First, there is no such thing as ‘sustainable soy’. Some industries may have signed up to various commitments or ‘sustainable soy roundtables’ but the fact remains that all demand for soy increases the pressure on land overall, thus helping to drive deforestation elsewhere, if not in that particular field. Even companies who have previously given commitments to zero deforestation aren’t clean: TRASE data shows that during the last decade soya traders in the Brazilian market with zero-deforestation commitments – Cargill, Bunge, ADM and Amaggi – have been associated with similar deforestation risk as companies that have not made such commitments. In addition, in May 2018, five traders and multiple soy farmers were fined US$29 million by the Brazilian government for soy bean cultivation and purchasing connected with illegal deforestation. You guessed it – two of them had zero deforestation commitments.
Second, banning soy imports wouldn’t just tackle a slice of our exported deforestation footprint. It would also pose a challenge to the growth of intensive and industrialised meat sector in the UK. In 2017 the Sustainable Food Trust calculated that almost 90% of the 1.1 million tonnes of imported soy meal is fed to pigs, poultry and farmed fish. The Scottish salmon industry, which markets itself as producing a sustainable alternative protein, uses 50,000 tonnes of soy a year to feed its fish, alongside 475,000 tonnes of wild fish.

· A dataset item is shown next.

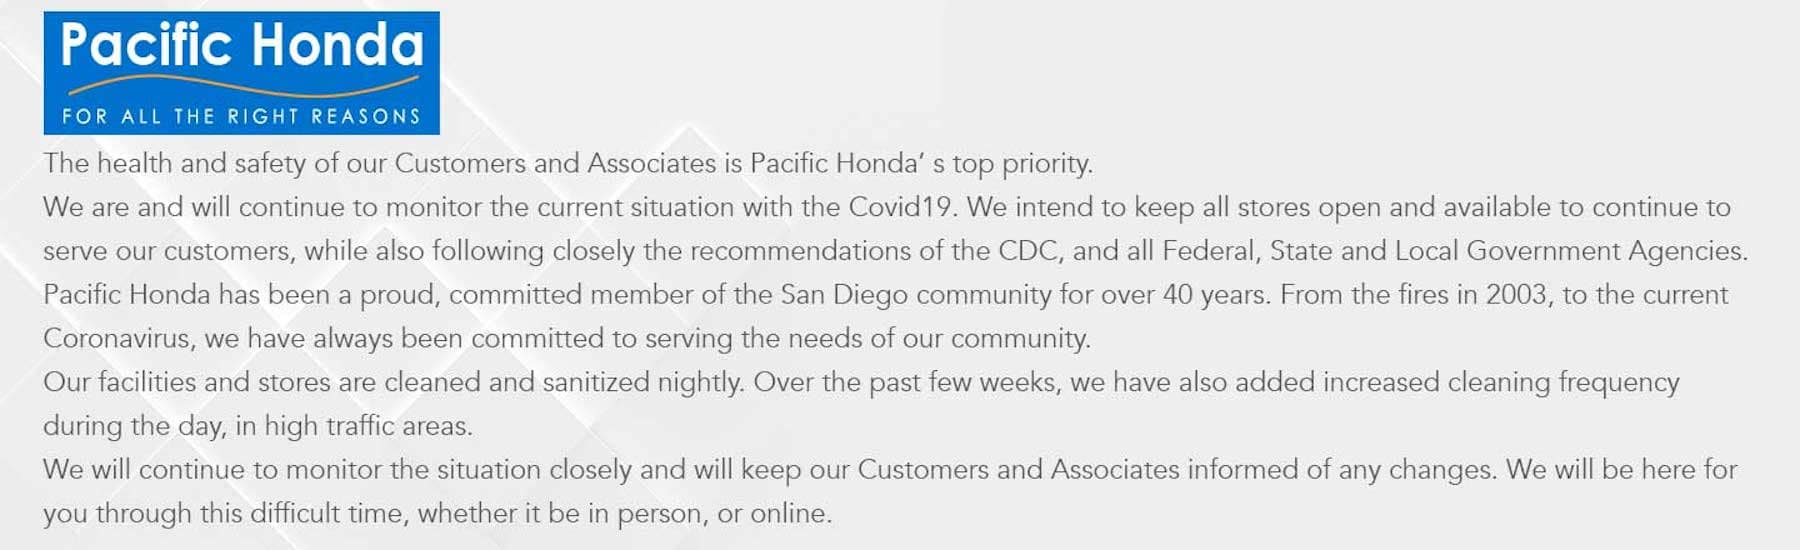 COVID-19 message

There are well over 800 mega-farms in the UK, the vast majority producing chicken and pigs, and their numbers are rising. These are industrial units financed by companies like Cargill, who supply Tesco’s chicken. Cargill, named the ‘worst company in the world’ by US campaign group Mighty Earth (for its lengthy rap sheet of environmental, human rights and financial abuses), is itself financed by Big Finance investors like Barclays, who supported the industrial agriculture giant to the tune of 1.172 billion dollars between 2013-2018 (AmazonWatch).

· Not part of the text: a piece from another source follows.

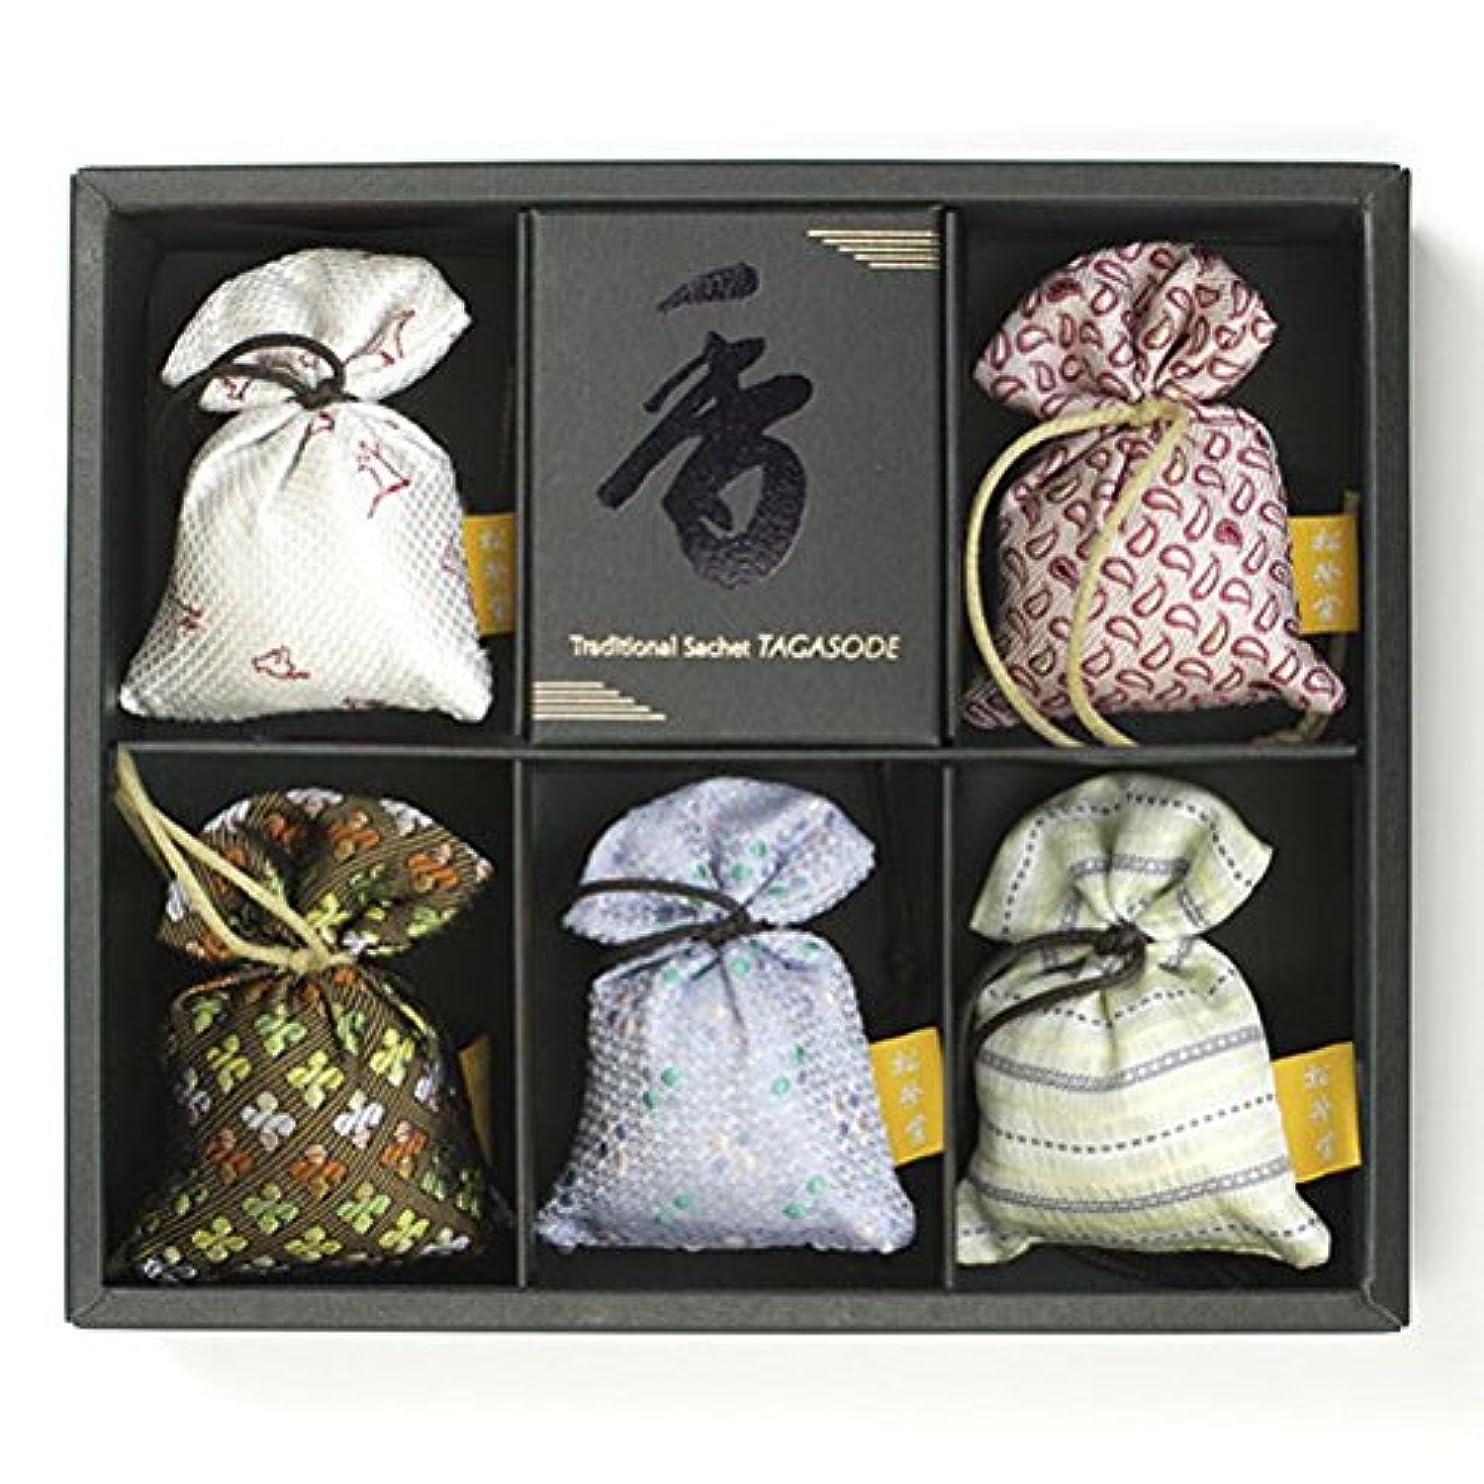 付けるいつエンジニアリング匂い袋 誰が袖 薫 かおる 5個入 松栄堂 Shoyeido 本体長さ60mm

Third, cutting off the UK’s imported soy dependence could help stimulate more sustainable forms of domestic production. While eating less meat across the board is vital to preserve our planet – Feedback are calling for a 50% reduction in meat consumption by 2030 – animal farming plays a role in a sustainable, resilient and regenerative food system. A ban on soy would create the policy space to support farmers to transition to agro-ecological and silvio-pasture practices which pioneering studies have demonstrated are essential for food and farming that both support climate change targets and the restoration and health of the natural world
Soy isn’t just used in animal feed – soy oil is also an ingredient in highly-processed human foods such as confectionary, soy meal is used in pet food, pharmaceuticals and industrial products (Sustainable Food Trust), and whole soy beans are used to make products like tofu and soy milk. A small amount of fully-traceable soy could continue to satisfy these demands. At the same time, could the UK ape Finland’s target to increase domestic protein crops, such as fava beans and peas as a replacement for soy?
The Amazonian forest fires are a flashpoint for action in a world tilting into climate chaos. To make the most of this moment of clarity, we need to see concrete policy change that recognises the UK’s global role in planet-destroying practices. It’s not an overstatement to say that each shipment of soy, certified or otherwise, that arrives in the UK for the livestock industry is a direct driver of deforestation. To end the UK’s contribution to the collapse of the natural world, the UK government must commit and act, now, to end the imports of soy for animal feed.